Figure 16 shows the final LI or Pseudo Gamma Ray section which shows very obvious anomalies at the location of the uppermost and lowermost sand and a less obvious anomaly for the middle sand.

Fig. 16
Figure 16

While the LI section appears to identify the sand zones most clearly, the figure also gives some insight into the limitations of the process due to the bandlimited nature of the seismic data. In particular, it should be noted that zones away from those that were modified also show changes.

Pseudo Gamma Ray from Real Seismic

Having determined that there is hope for identifying sand zones using the Pseudo Gamma Ray volume, the workflow was applied to a real 3D volume.

The first step is to calculate the Intercept and Gradient from the offset gathers.

Figure 17 shows a typical flattened gather. For a given time sample (as indicated by the horizontal yellow line on the gather), the amplitudes from each trace in the gather are extracted.

Fig. 17
Figure 17

AVO theory predicts that the change of amplitude with offset is approximately linear if plotted as a function of sin2(θ) where θ is the angle of incidence at the reflection boundary.

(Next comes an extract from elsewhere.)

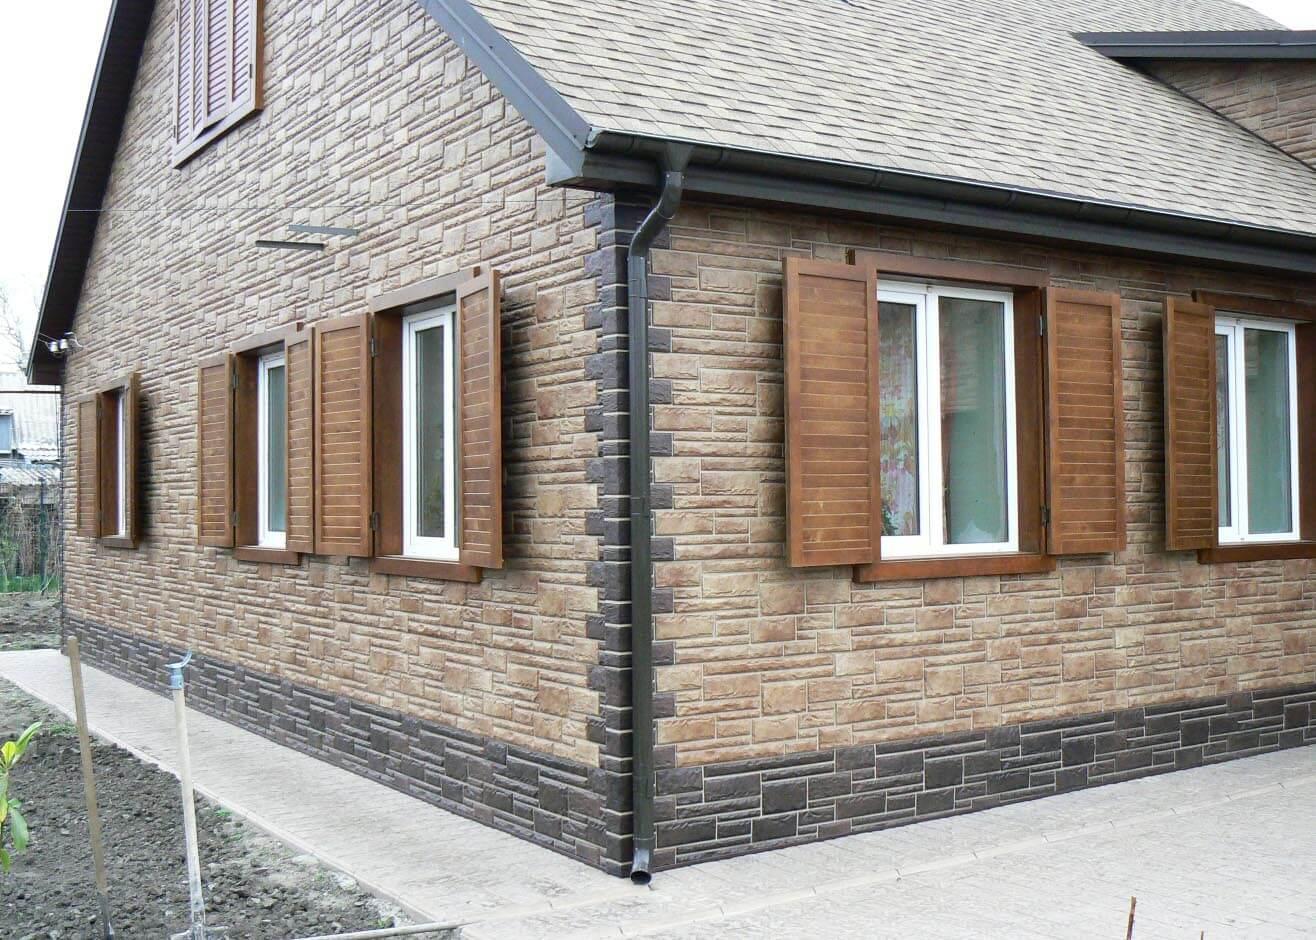 преимущества фасадных панелей под кирпич

For each amplitude value from the gather the associated incidence angle θ is estimated based on the velocity function used to process the seismic data. The amplitudes can be plotted as a function of sin2(θ) as shown in Figure 18, and a best fit line calculated using linear regression.

Fig. 18
Figure 18 The Intercept (B0) for the sample is the intersection of the best fit line with the amplitude axis and the Gradient (B1) is the slope of the best fit line.
Fig. 19
Figure 19 The Intercept (B0) section extracted along a transect through a 3D volume chosen to intersect 5 well locations. This section is an estimate of the zero offset reflectivity.

Calculating the best fit line for every sample from every trace results in Intercept and Gradient volumes which can be displayed like any other seismic volume.

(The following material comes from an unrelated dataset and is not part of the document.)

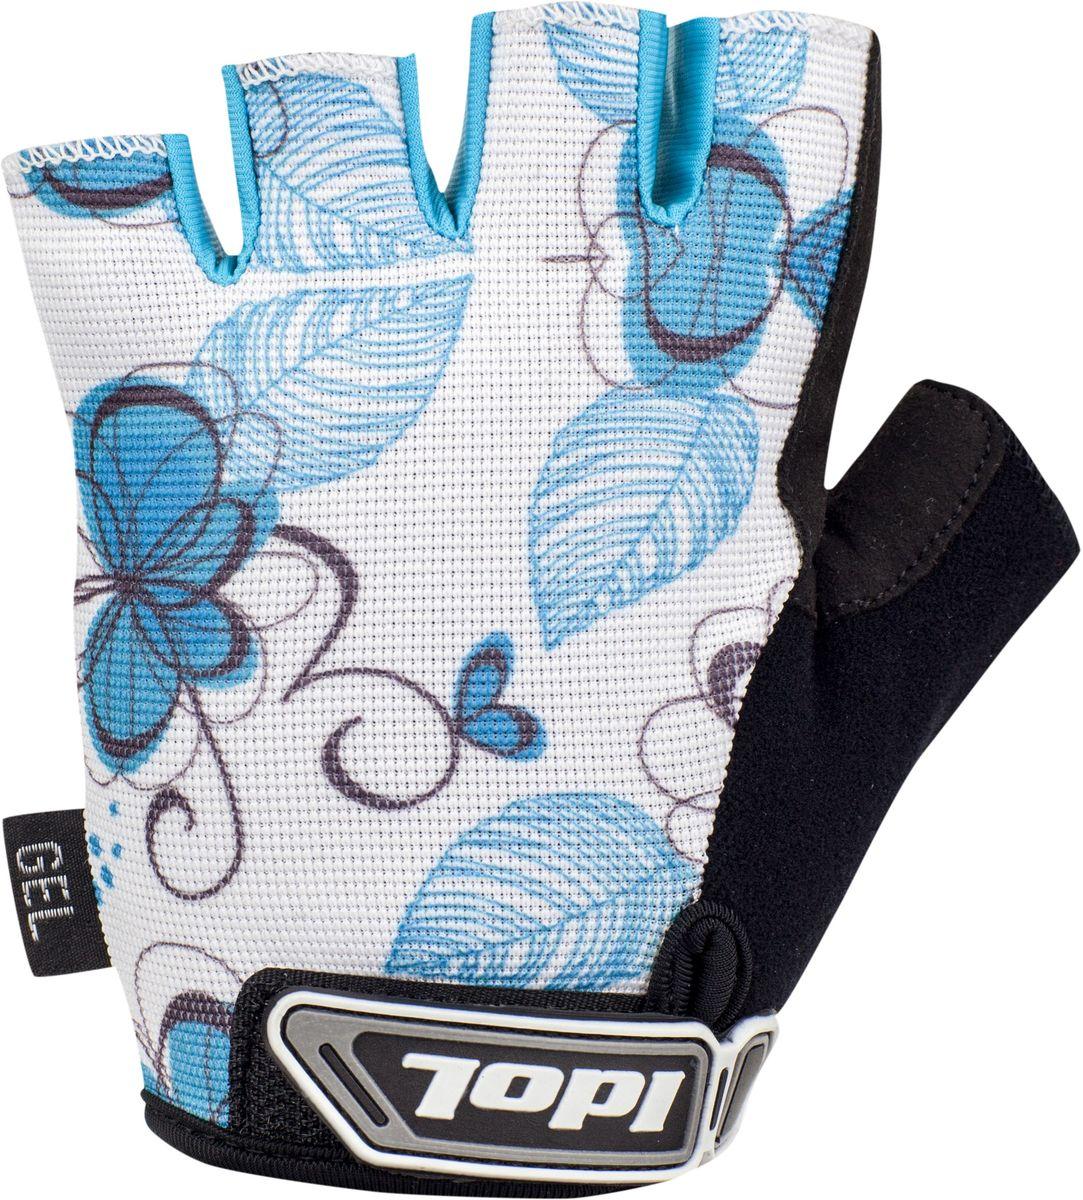 Перчатки велосипедные женские Idol Isel, цвет: белый, голубой. Размер S2716Велосипедные перчатки женские Idol, ISEL 2716 предназначены для велоспорта, велотуризма, велосипедных прогулок. - Открытые пальцы - Верх: высококачественный материал 4-way stretch повышенной дышимости - Ладонь: синтетическая кожа Amara - Гелевая вставка на ладони - Влагоотводящий материал на большом пальце - Веревочные петли для снимания - Липучка для фиксации перчатки на руке Высокое качество материалов, стильный дизайн, функциональность и прочность выделяют велоперчатки Idol среди прочих.

AVO theory also predicts that shear reflectivity can be estimated from B0 and B1 using the simple calculation (B0 - B1) / 2.

Performing this calculation for every sample from every trace of the B0 and B1 volumes results in a shear reflectivity volume.

Fig. 20
Figure 20 The corresponding Gradient (B1) section.
Fig. 21
Figure 21 The Pseudo Shear Reflectivity section

The quality of the inversion is highly dependent on an accurate estimate of the wavelet in the data. For this study, the wavelet was estimated based on two well ties (Well 2 and Well 5 on the plots above).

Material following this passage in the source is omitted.